In truth, some of this new demand may take years to evolve to significance but the trend is nonetheless bullish for the long term. Supply and demand rebalance is in the early innings.

In 2011, Mr. Sala and I co-authored a commentary on the value of gold relative to other commodities. Our lead example was the ageless gold-to-silver ratio (GSR), an ancient traders’ way of communicating how much silver for so much gold. Today, the GSR is simply the currency-denominated price of gold divided by the price of silver. The resulting ratio removes currency from value comparison. For the case of gold and silver which typically share the same scale, the ratio also removes the unit of weight measurement (e.g. troy ounce or grams). A gold-to-silver ratio of 50-to-1 represents the same relative value to a precious metal trader in the Western world (U.S. dollars per troy ounce) as to a trader in India (Indian rupees per gram).

In the days of the Roman Empire the ratio was set at 12 to 1. The U.S. fixed the ratio at 15 to 1 in 1792 and France soon followed at 15.5 to 1 in 1803. A higher ratio means more ounces of silver for an ounce of gold. Silver slowly lost value to gold over the ages as monetary use and fixes declined. The 20th century average was 47 and the current 10-year average is 62.

As shown in the second chart, this value loss accelerated after the 2011 silver run at $49 per troy ounce. That April the GSR plunged to 31, half the 10-year average.

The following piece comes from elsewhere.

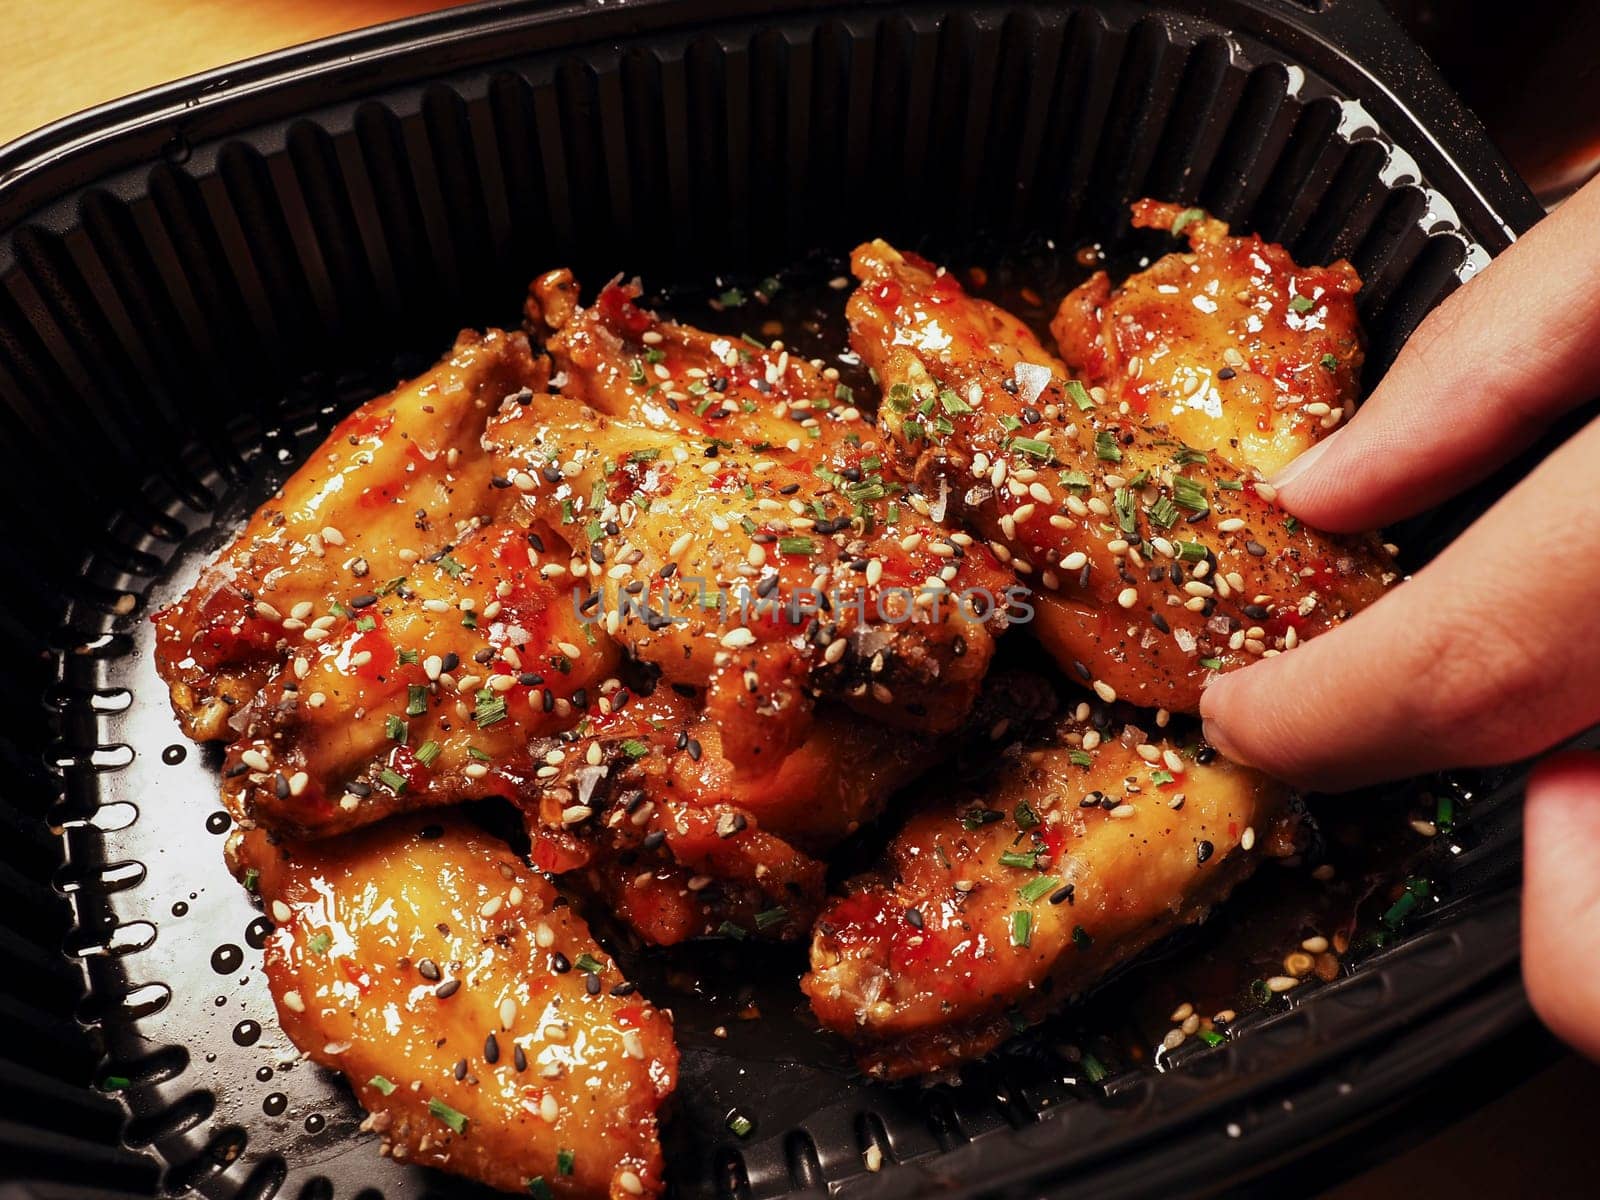 Man's hand picking up a Korean Chicken wings with sauce. 치킨. Asian food street . Delivery concept by ImagesRouges

By late-December, the GSR rose to an elevated 76. This caused me to wonder if the widening value spread between the two metals was sustainable.

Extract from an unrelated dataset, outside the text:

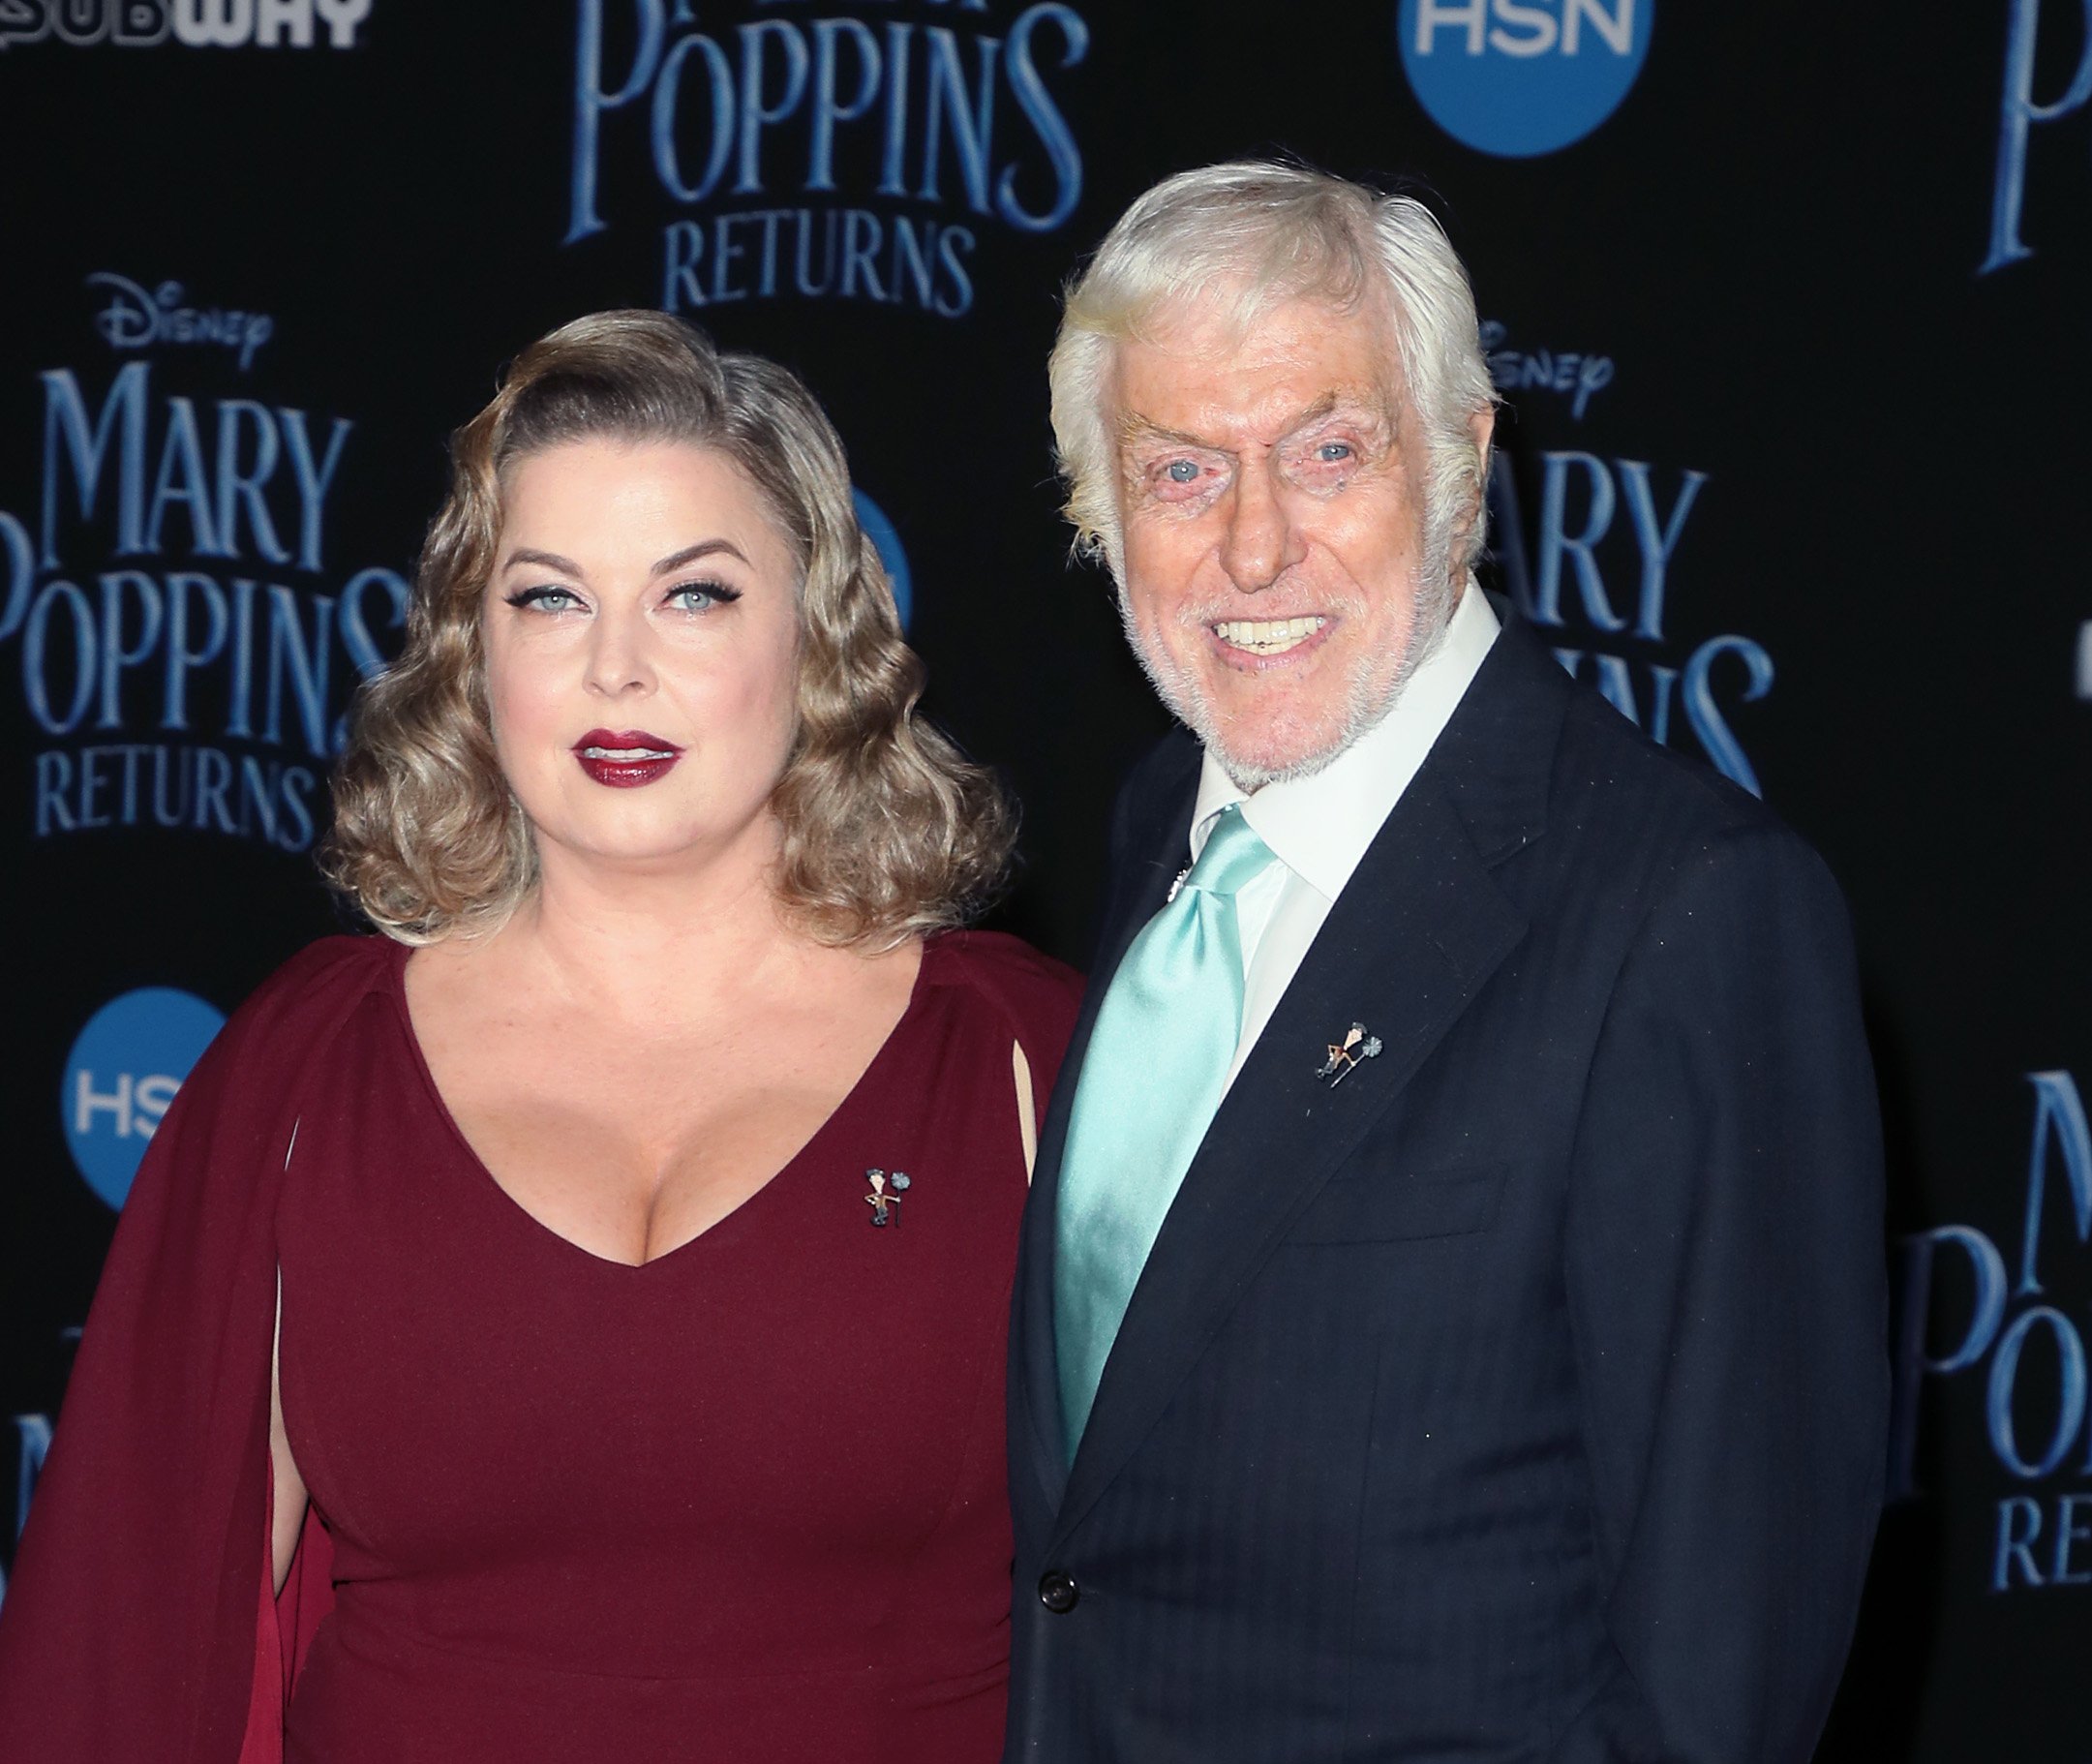 Actor Dick Van Dyke and his wife make-up artist, Arlene Silver attend the premiere of "Mary Poppins Returns" at the El Capitan Theatre on November 29, 2018 in Los Angeles, California | Source: Getty Images

As I discussed in the Spring 2016 Edition of the Mining Quarterly, this year’s gold rally caught fire after the Bank of Japan announcement of negative rates January 29 – positive interest rates from central banks put the brakes on for gold; negative rates add rocket fuel. Silver dutifully followed gold higher but at a slower pace. The result was a GSR that increased to a peak of 83 in March but then reversed. Silver stepped out of gold’s shadow and gained on the Lustrous One as the GSR plunged. In late-April, it broke a multi-year trend of higher-lows (red dashed line) – a very bullish turn for silver.

Silver is typically expected to race ahead of gold when both rally. Daily gains of 1.5 to 2.0 times gold’s advance are not uncommon for the white metal. Traders call this “beta” where a beta exceeding 1.0 implies greater percentage moves compared to its reference — in this case gold price. For quite some time, silver performance has lagged gold, dipping to a 3-month beta low of 0.5 in February. As I write this column, the 3-month beta has recovered to a more normal 1.9 — another bullish indication.

My big picture remains that gold prices will continue in a trading range for 2016, trapped between a floor of negative central bank interest rates in Europe and Japan and a cap determined by the U.S. interest rate trajectory. Given a slowing domestic economy and wobbly global growth, the willingness of the U.S. Federal Reserve to delay further rate hikes moves this cap higher. Accordingly, it is likely that gold price will keep its head above the $1,200-level but find it difficult to advance beyond $1,350 per ounce. If the GSR finds some equilibrium above the 10-year average, at say 70, silver has more headroom but probably not much beyond $19 per ounce for 2016. The longer term prospects are much brighter with improving supply and demand dynamics. Considering the last five years’ declines, this turnaround deserves a Lone Ranger, “Hi ho Silver away!”